Interestingly, in this Special Issue, four articles reported on the effects of environmental hormones, bisphenol-A (BPA) and nonylphenol, on sperm development. Lombo et al. reported the effect of BPA on sperm in zebrafish males and observed abnormal spermatogenesis and epigenetics in the progenies of parents exposed to BPA [7]. Dr. Song’s group examined the effect of nonylphenol on mouse testes and reported that NP-exposed testis had problems with spermatogenesis due to an abnormal hormonal balance and the induction of apoptosis [10]. This means that the use of environmental hormones is increasing due to recent industrial developments, and the fact that they affect not only our health but also the fertility of our offspring in the future should not be overlooked.

In addition to germ cells, three papers on the uterus were also published in this Special Issue. The uterus tissue periodically undergoes dynamic changes as well as the decidualization of uterine endometrium to initiate a successful pregnancy. This involves a morphological and functional differentiation of endometrial stromal cells. Yang et al. reported that laminin A5 is involved in decidualization through the PKA-CCAAT enhancer-binding protein β (C/EBPβ) signaling pathway under progesterone [24]. In fact, the dynamic regulation(s) of uterine endometrium are precisely regulated by two main hormones: estrogen and progesterone. Additionally, their regulation involves several cellular signaling pathway along with these hormonal signaling pathways. Recently, several researchers, including us, have been studying the role of hippo signaling in the uterus [21]. In this review, we describe the relationship between hormonal regulation and the hippo signaling pathway as well as a novel regulatory mechanism in the expression of target genes in the uterine endometrium.

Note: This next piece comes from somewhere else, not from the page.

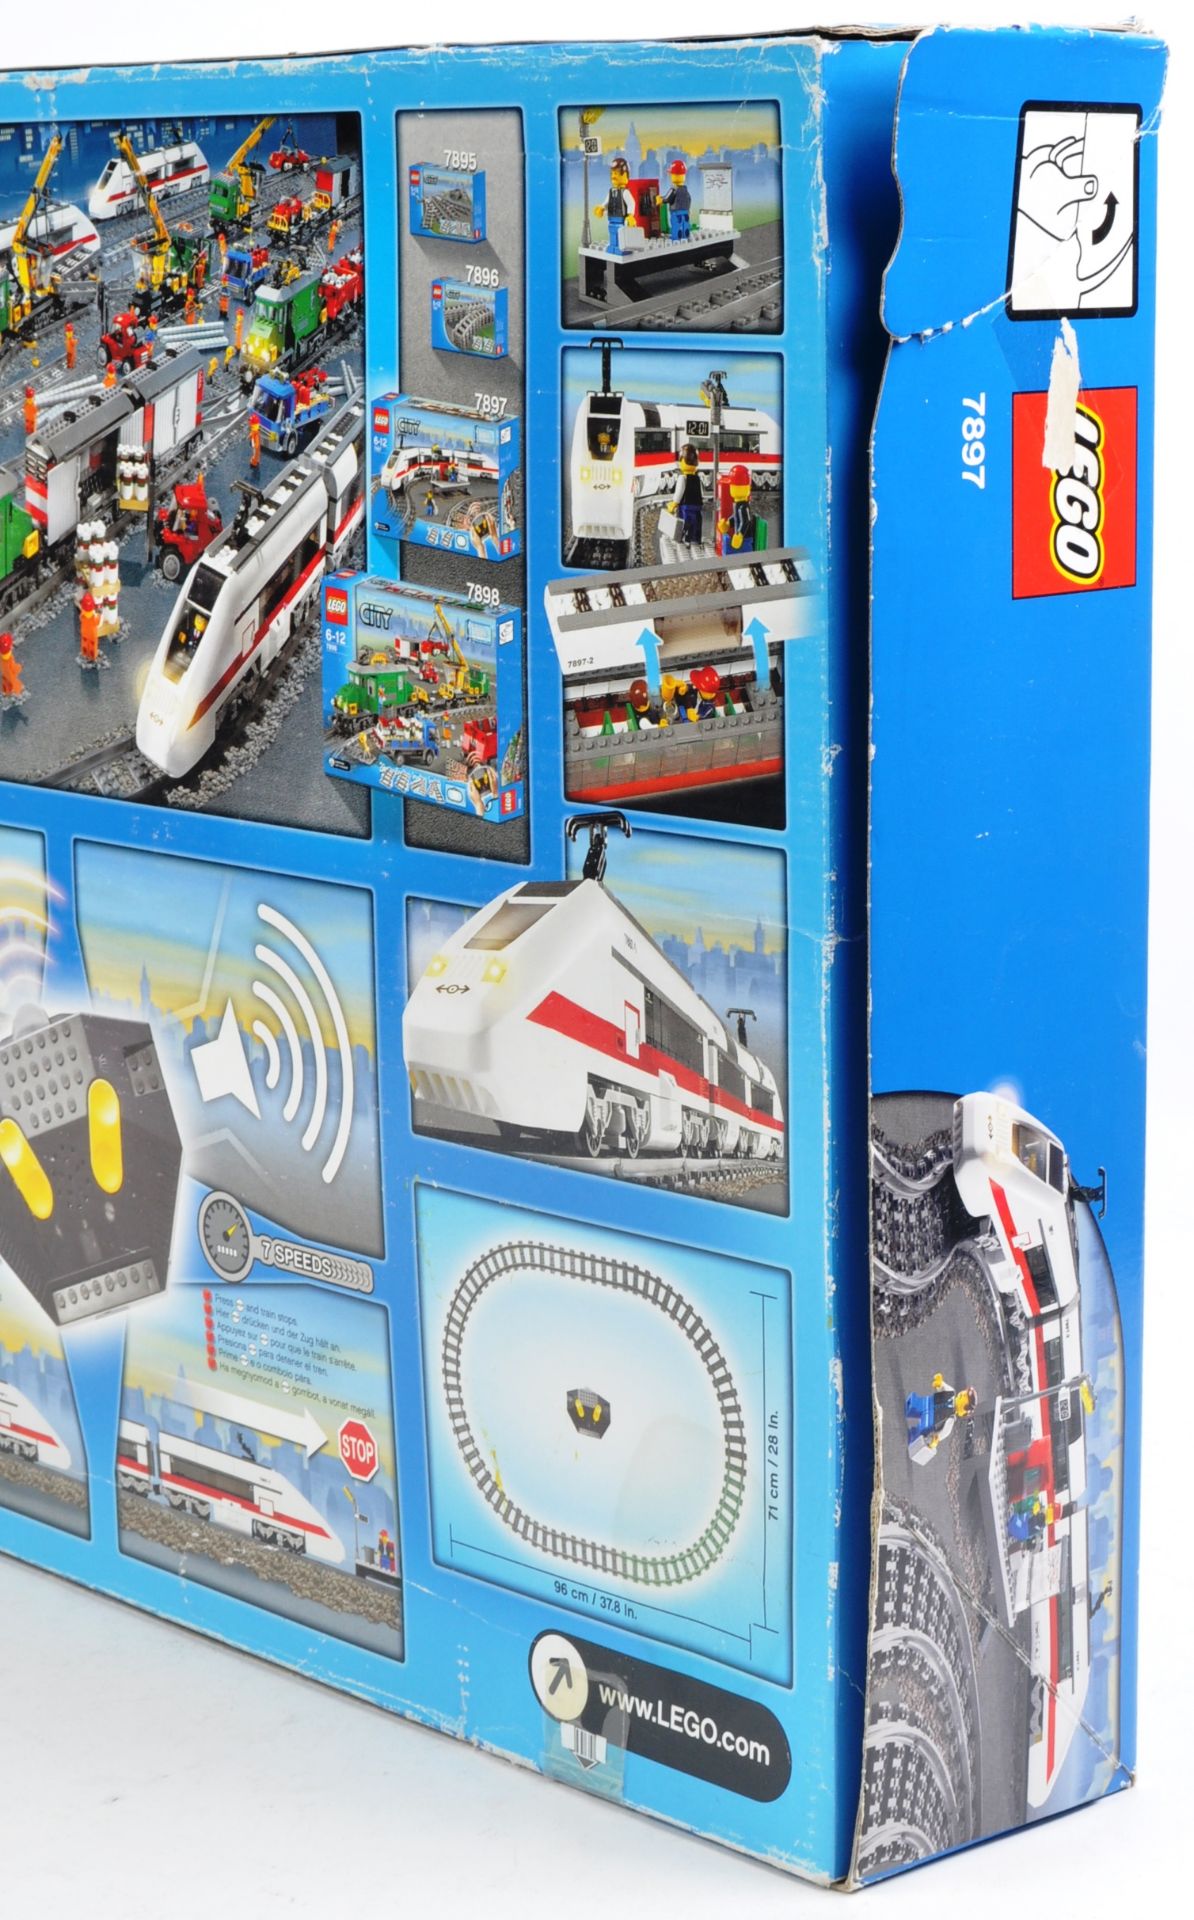 LEGO SET - LEGO CITY - 7897 - PASSENGER TRAIN - Image 3 of 4

There are additional areas mentioned in this Special Issue, such as results characterizing factors important to the development and function of germ cells and embryos. Various factors such as pigment epithelium-derived factor (PEDF) [1], Brahma-related gene 1 (BRG1) [12], Zinc finger Asp-His-His-Cys palmitoyltranferase 19 (ZDHHC 19) [11], BAF-L (Barrier-like protein) [4], Mitofusin 1 (MFN1), and MFN2 [8] are reported on, with their roles in spermatogenesis and spermiogenesis being highlighted. Yoon et al. and Oh et al. reported on the roles and molecular mechanisms of Peroxisome proliferator-activated receptor gamma (PPARγ) [25] and Disabled homolog 2 (DAB2) [22] in the development of primordial follicles and porcine embryos, respectively. Bogolyubova and Bogolyubov reviewed the role of Death-domain associated protein 6 (DAXX) in the development of oogenesis and early embryogenesis [13].

La et al. applied a single-cell transcriptomic analysis, a cutting-edge technique for understanding germ cell formation [18]. To analyze a cell’s genetic profile, a total RNA extract of the tissue is usually used. However, since the cells present in these tissues are in a heterogeneous state, in which several types are mixed, it is necessary to purely isolate the target cells from the tissues. Additionally, even if only the desired cells are isolated from tissues, a certain number of cells must be secured for analysis. In this respect, a single-cell transcriptomic analysis is suitable for germ cells, including oocytes and sperms.

Finally, we would like to thank all the reproductive biologists who are contributing research from various perspectives in the reproductive field in this difficult time due to COVID-19. We have opened another Special Issue following this Special Issue entitled “Biology and Toxicology of Gametes, Embryos, and Cancer Cells in Reproductive System”. We encourage you to share your valuable results with continued interest and contribution in the future.